The Sphinx is a very old construction, and the sacred graphic known as the Kali yantra or Primordial Image in the Indian Tantras may be older still. This ancient symbol, a triangle with the bindu, or spark of life, at the center, is associated with the Trip Goddess who rules past, present, and future (length, breadth, and depth), and the trimesters of pregnancy, and the three seasons of life: childhood, maturity, and age.
Out in my woods the hemlocks are sighing with the long breath of the night.
Three Ways was one name of the Roman goddess Hecate, whose three-faced image at crossroads traditionally received offerings of cake, fruit, and money. Money is still offered at one of her ancient shrines, the Trevi Fountain, and the traditional idea of being blessed by throwing three coins in the fountain has persisted into our era.
The Irish god Trefuilngid is the patron of the trefoil, or three leaf, the shamrock.
Trefuilngid is known as the Triple Bearer of the Triple Key, which is the same appellation given Shiva, Astarte, and Ishtar, three ancient manifestations of the Triune Goddess. Of course, the shamrock is also the symbol of St. Patrick. Among the ancient Arabs the trefoil was called the shamrakh, which was a symbol of the male trident of fertility. Did the Irish once know the Arabs? What dark seas flowed before we learned how to write our history down, and what triumphs have been swallowed by their waters?
In the Greek alphabet the fourth letter, delta, is the symbol of the Holy Door, and among the Egyptians the triangle was the symbol of Men-Nefer, the very ancient goddess of the mother city Memphis, as identified in the Egyptian Book of the Dead. The object of the worship of the Yantra is to attain unity with the Mother of the Universe in Her forms as Mind, Life, and Matter ... preparator to Yoga union with Her as She is in herself as Pure Consciousness.

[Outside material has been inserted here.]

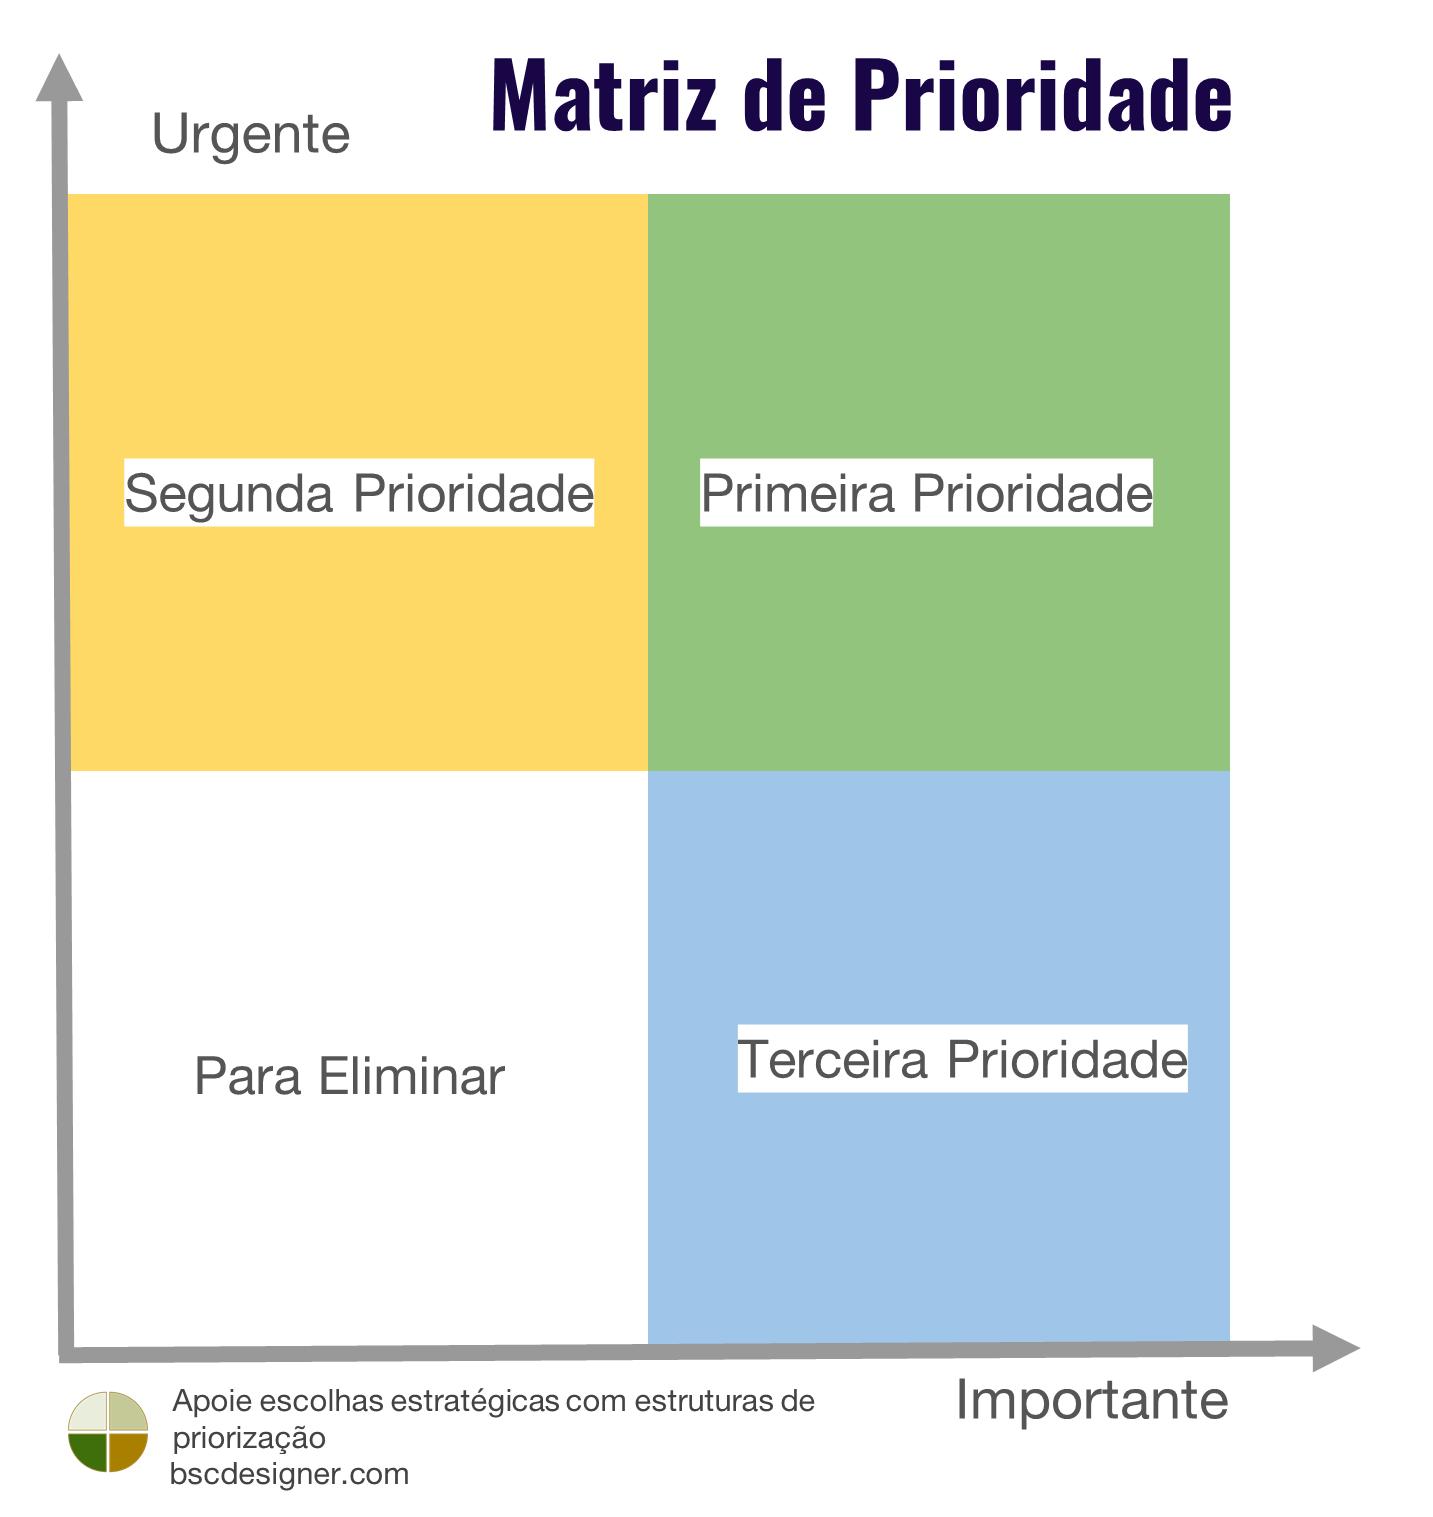 Matriz de Prioridade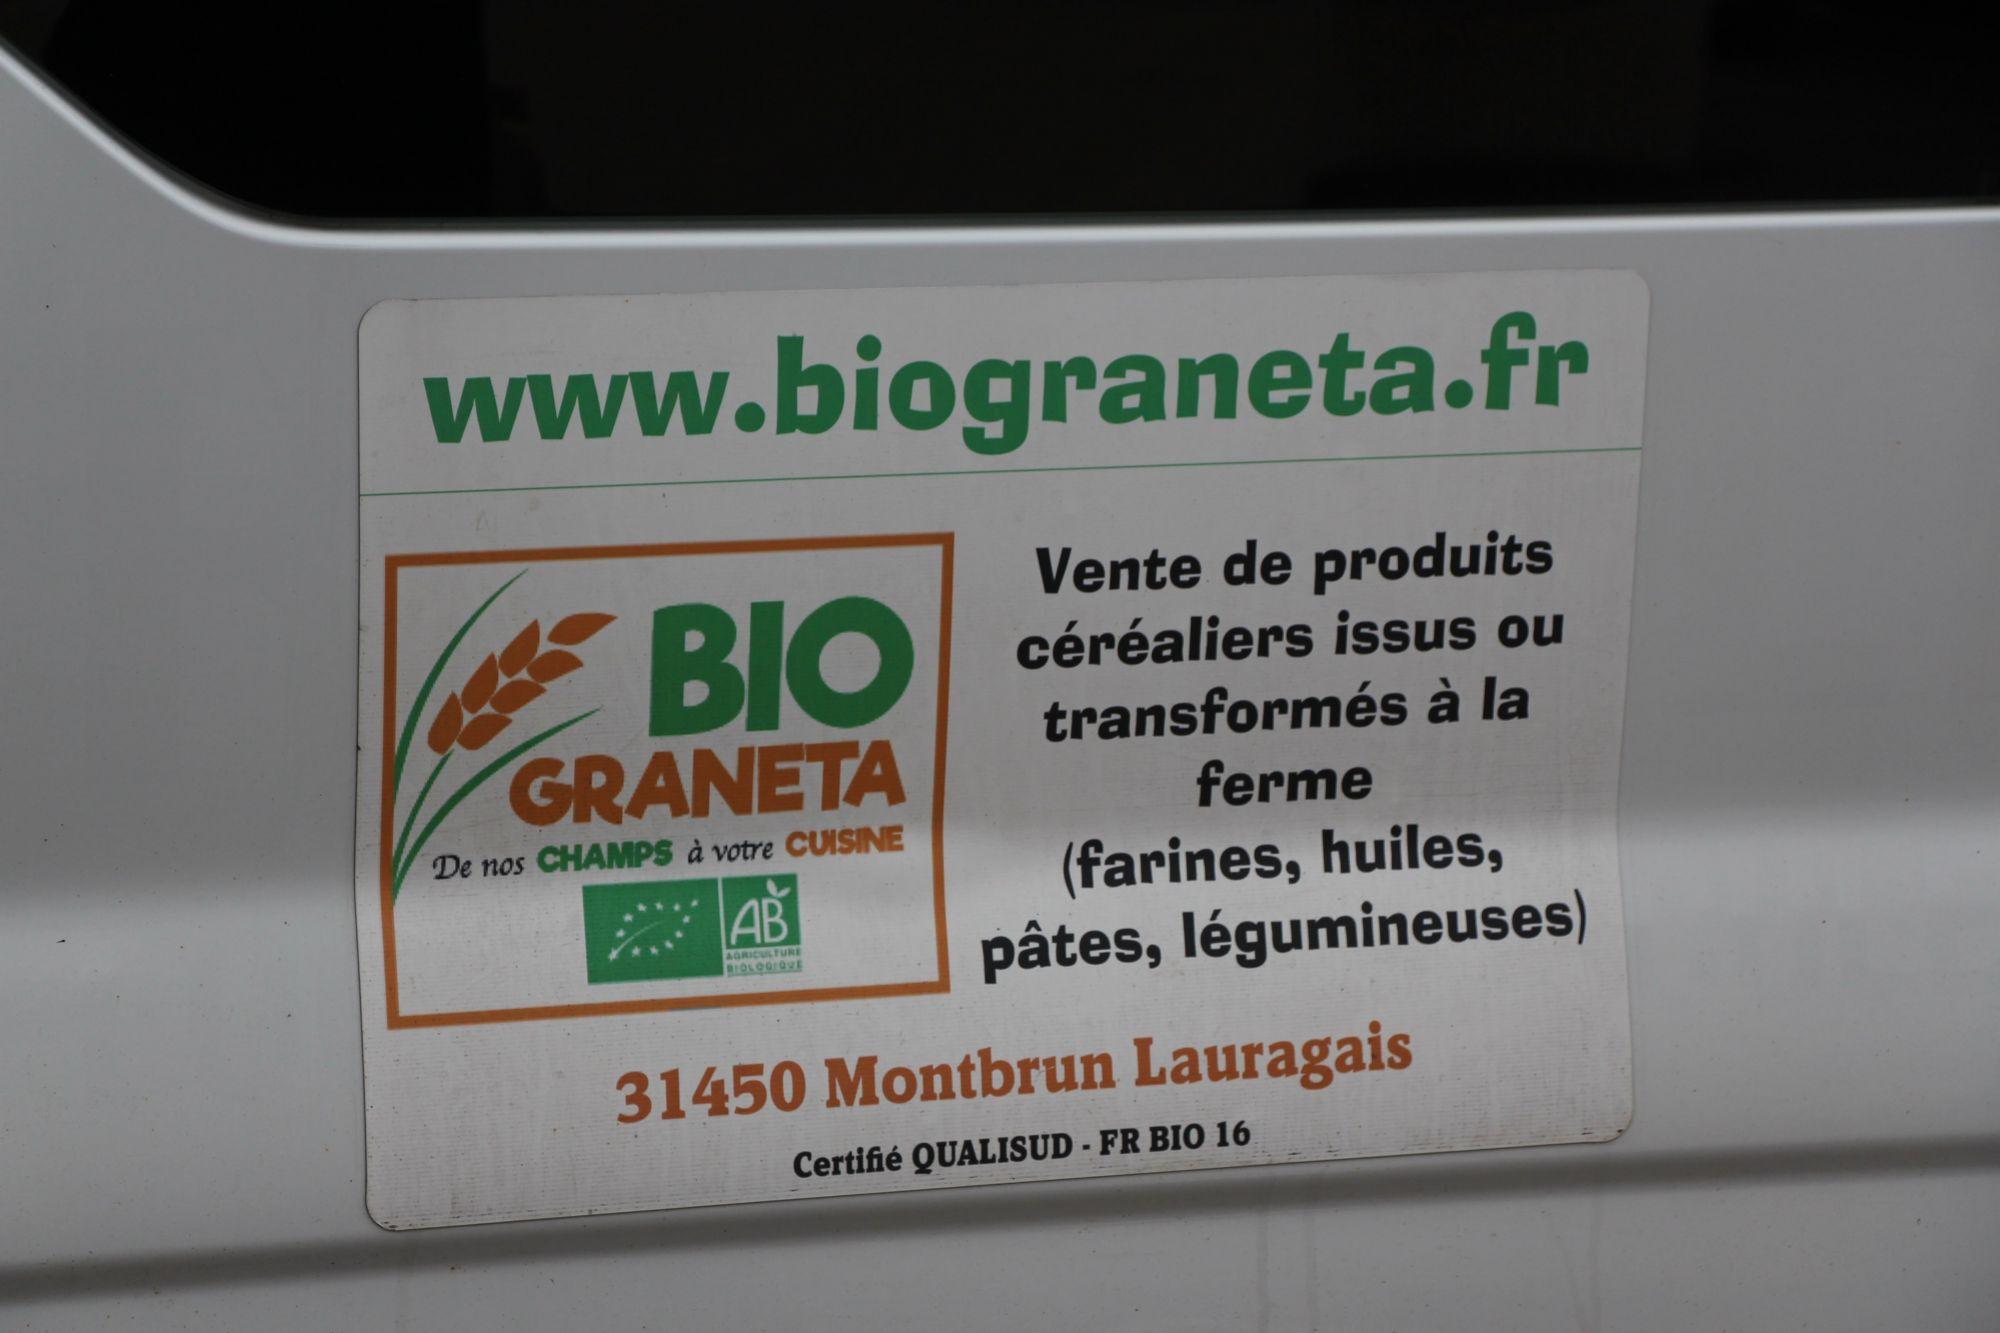 Biograneta

To the Gnostics of the later Roman Empire, the triangle signified creative intellect, the balancing coolness of mind, the persistent reconciliation that proceeds in the souls of the ones who seek Christ within.
Among the ancient Sumerians Ishtar was the Triune Goddess, as among modern Christians the Trinity is the central figure of the creative force, God the Father, God the Son, and God the Holy Spirit.
The Way to Christ is lit by the Star of Bethlehem, as also the word Ishtar means "Star."
Babylonian scriptures call Ishtar the Light of the World, Opener of the Womb, Leader of Armies, Lawgiver, Forgiver of Sins. It is from the legend of Ishtar that the story of the descent into the underworld enters so many of man's traditions: The giver of life overcomes the taker of life, and rebirth emerges.
Shadrach, Meshach, and Abednigo traveled the bath of transformation, and were not consumed in its fires. They symbolically sat astride the shoulders of the eagle, as did the medicine men of Native America, the shamans of the Siberian plains, the witches of old Europe when the ice king strode half the continent.
Transformation: Among the Apache, when someone was called in his heart to be a shaman, it meant that he had to go into the world of the dead, he had to dare the fire. The Apache would find a cliff and jump off. If he lived, he became a man of medicine. If he died, he died.